**WORK TO BE COMPLETED:**
The answer must be a single number: how many lines below contain "brooch".

**MATERIAL FOR THIS TASK:**
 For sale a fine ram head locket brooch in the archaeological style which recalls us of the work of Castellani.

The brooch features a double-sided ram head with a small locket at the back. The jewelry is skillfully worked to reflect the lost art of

* * *

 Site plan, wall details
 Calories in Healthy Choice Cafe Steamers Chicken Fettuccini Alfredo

* * *

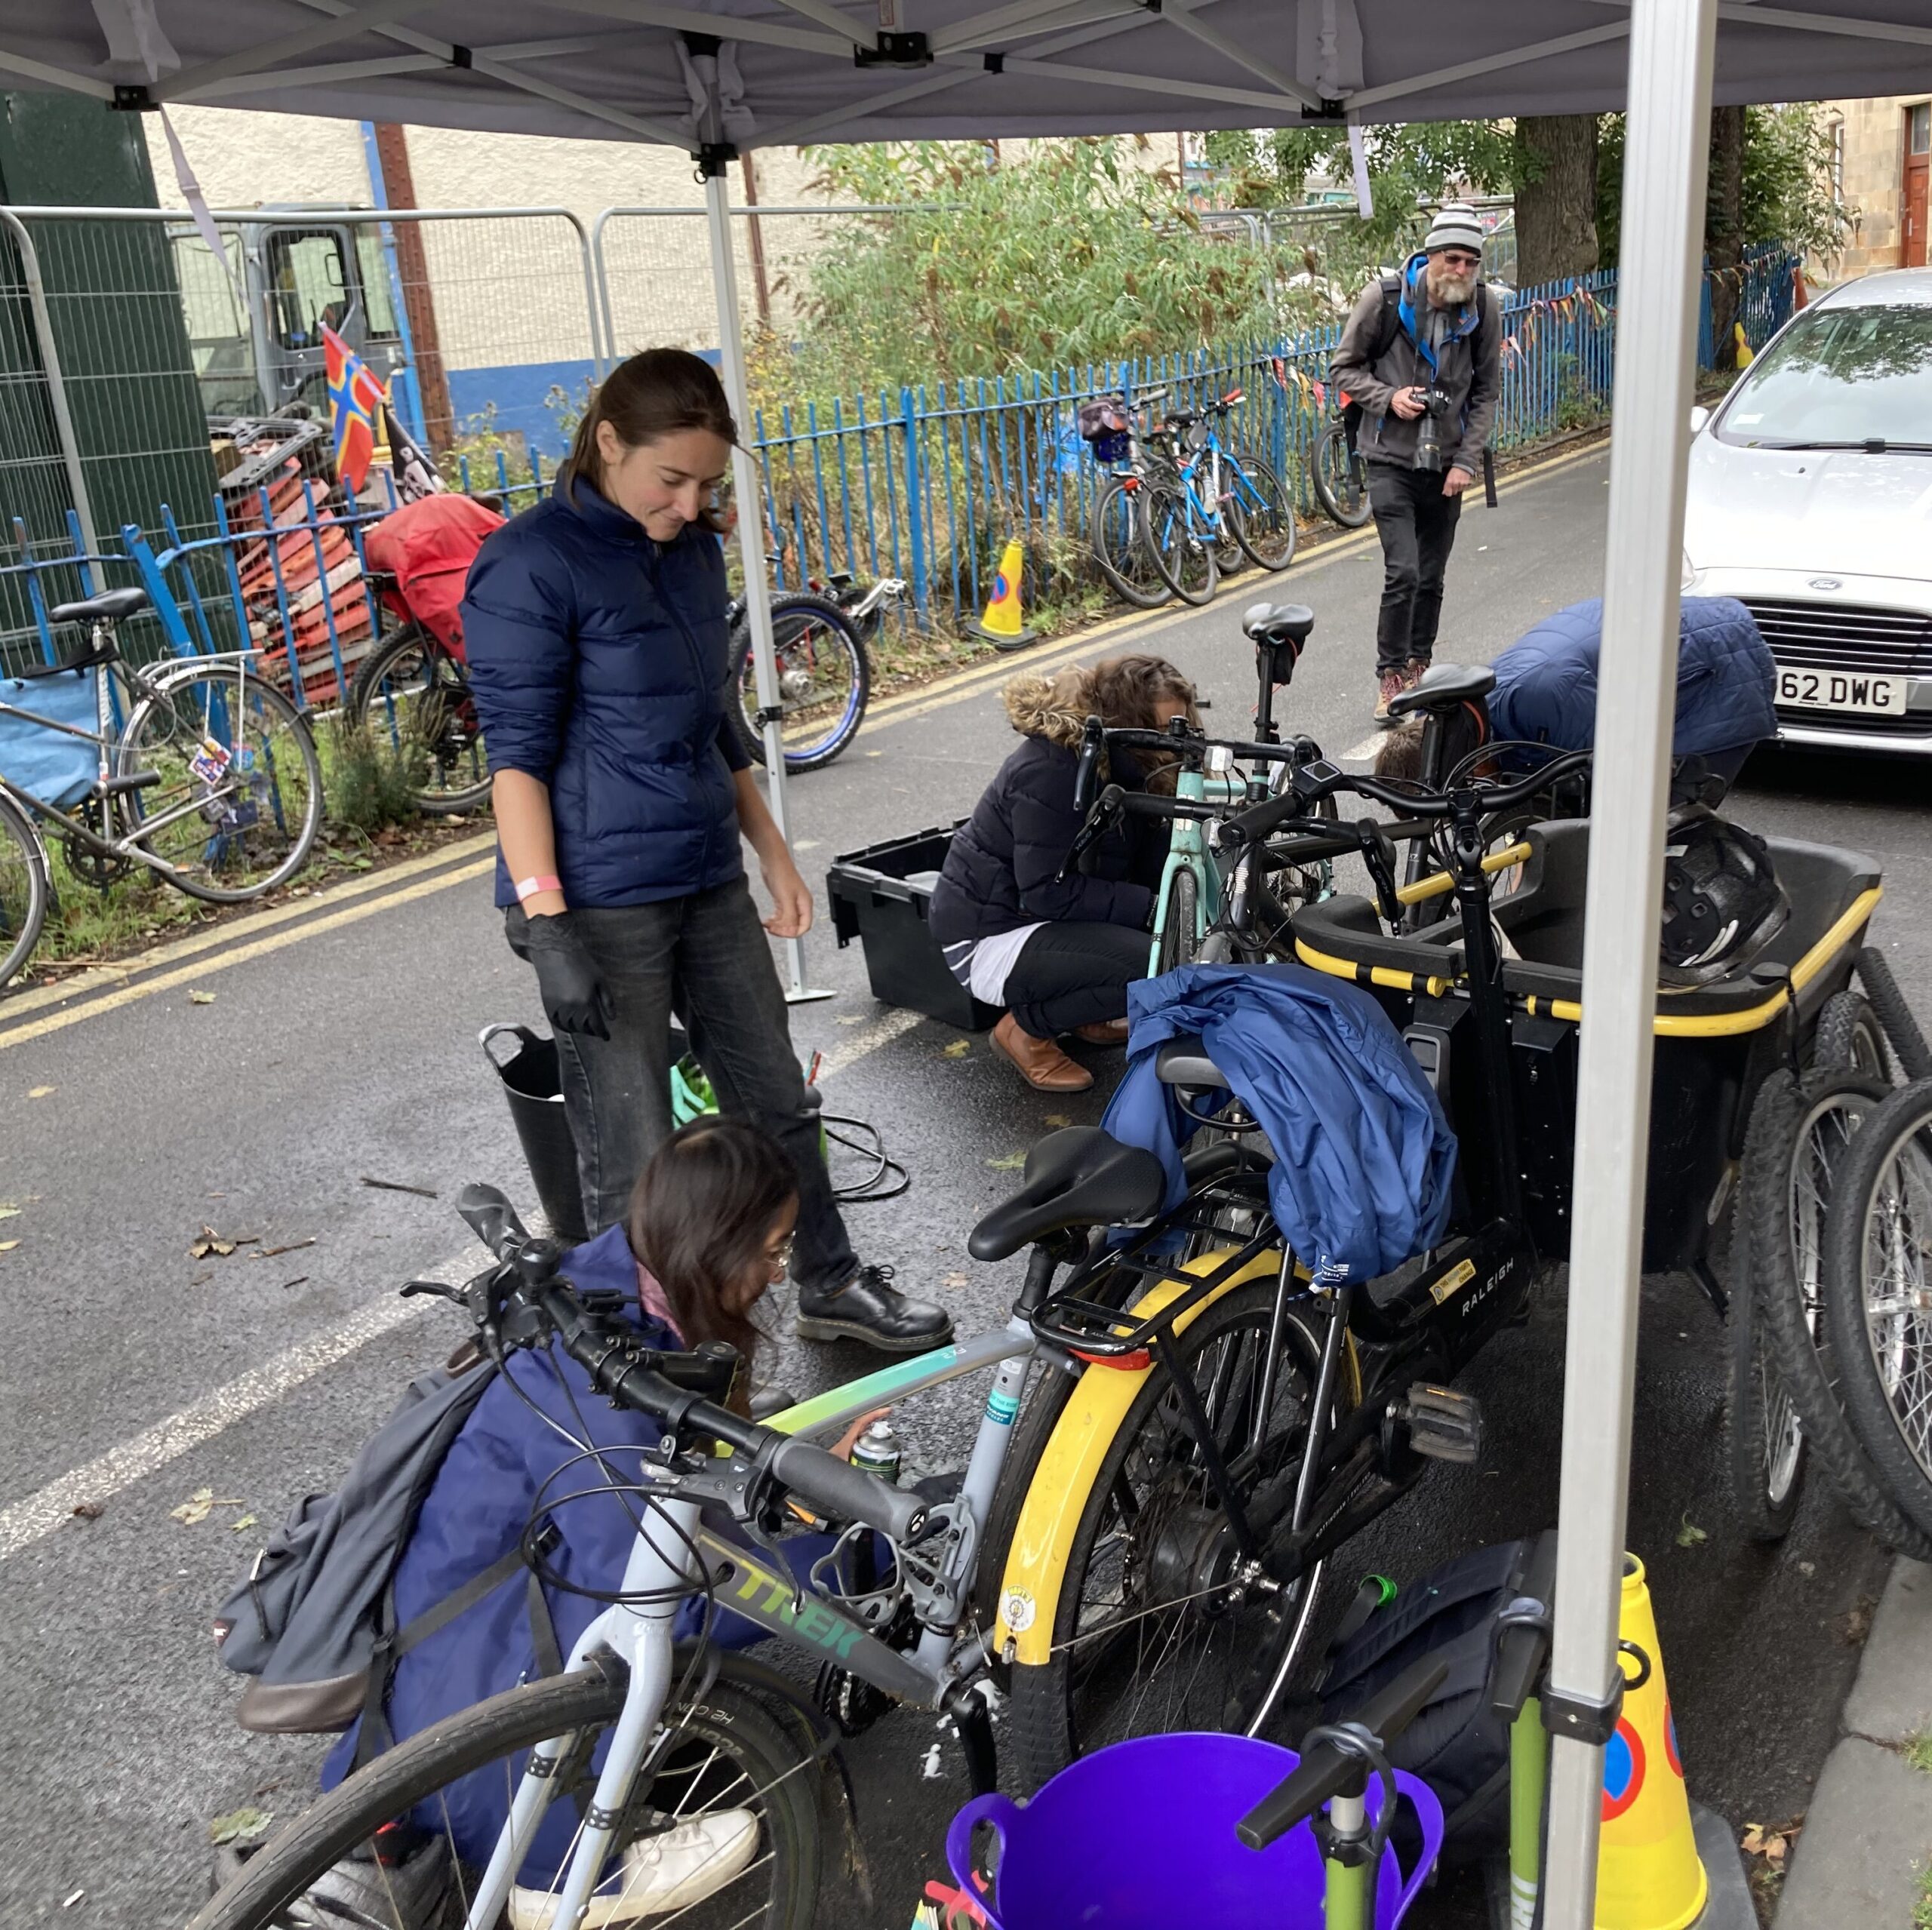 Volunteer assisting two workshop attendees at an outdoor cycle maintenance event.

**EXERCISE ANSWER:**
2